The Nordstream wreck was only one attention-getting catastrophe within the greater horror that a war always is. An act of industrial sabotage on a vast scale, it was also an act of environmental terrorism, causing the largest methane leak in the history of the planet. According to a report in Forbes, "The subsequent increase in greenhouse gases" was equivalent to as much as 32% of Denmark's annual emissions."
The Russian invasion of Ukraine was an illegal and immoral act, but the adjective that usually follows illegal and immoral is "unprovoked." In truth, this war was provoked. A contributing cause, impossible to ignore, was the eastward extension of NATO, always moving closer to the western borders of Russia, in the years from 1991 to 2022. That expansion was gradual but relentless. Consider the look of such a policy to the country -- no longer Communist and barely a great power which, in 2013, American leaders again began to describe as an adversary.
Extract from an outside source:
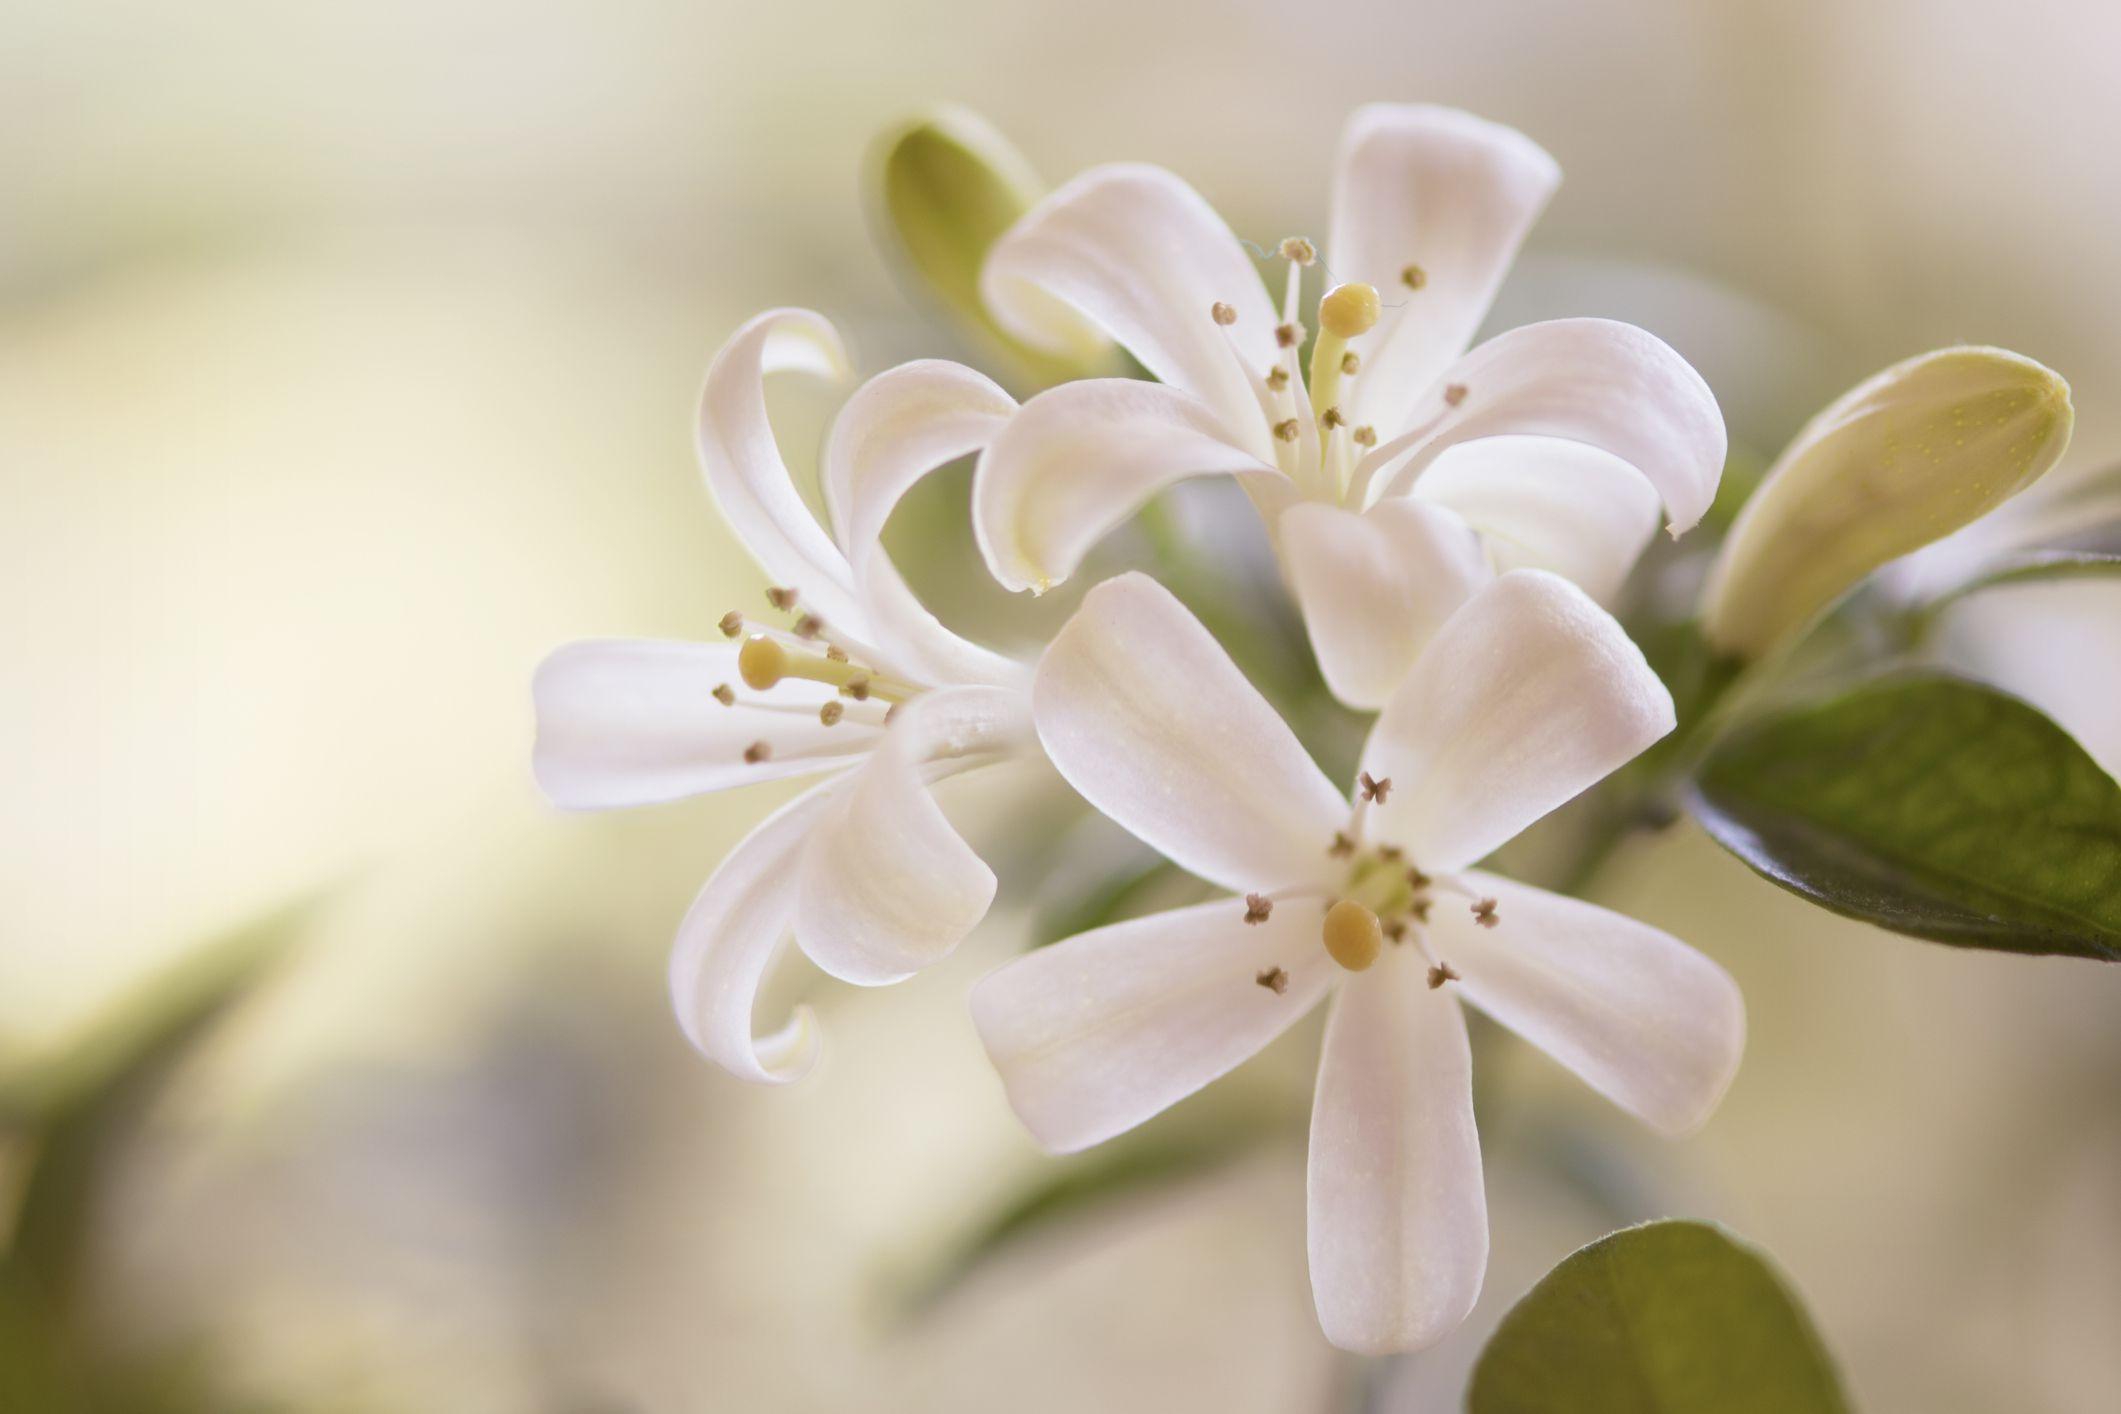 Growing Orange Jasmine In The Home Garden

With the end of the Cold War in 1991 (the very global conflict that gave NATO its reason for being), the eastward projection of the alliance accelerated dramatically. Hungary, Poland, and the Czech Republic, all former members of the Soviet bloc, were brought into NATO in 1999; and 2004 witnessed an even richer harvest of former satellites of the USSR: Bulgaria, Estonia, Latvia, Lithuania, Romania, Slovakia, and Slovenia, all either near to or bordering on Russia. Then came the Bucharest Summit Declaration of April 2008: Georgia and Ukraine, the NATO heads of state announced, would be given the opportunity to apply for membership at some future date. If you want to know why Putin and his advisers might have considered this a security concern for Russia, look at a map.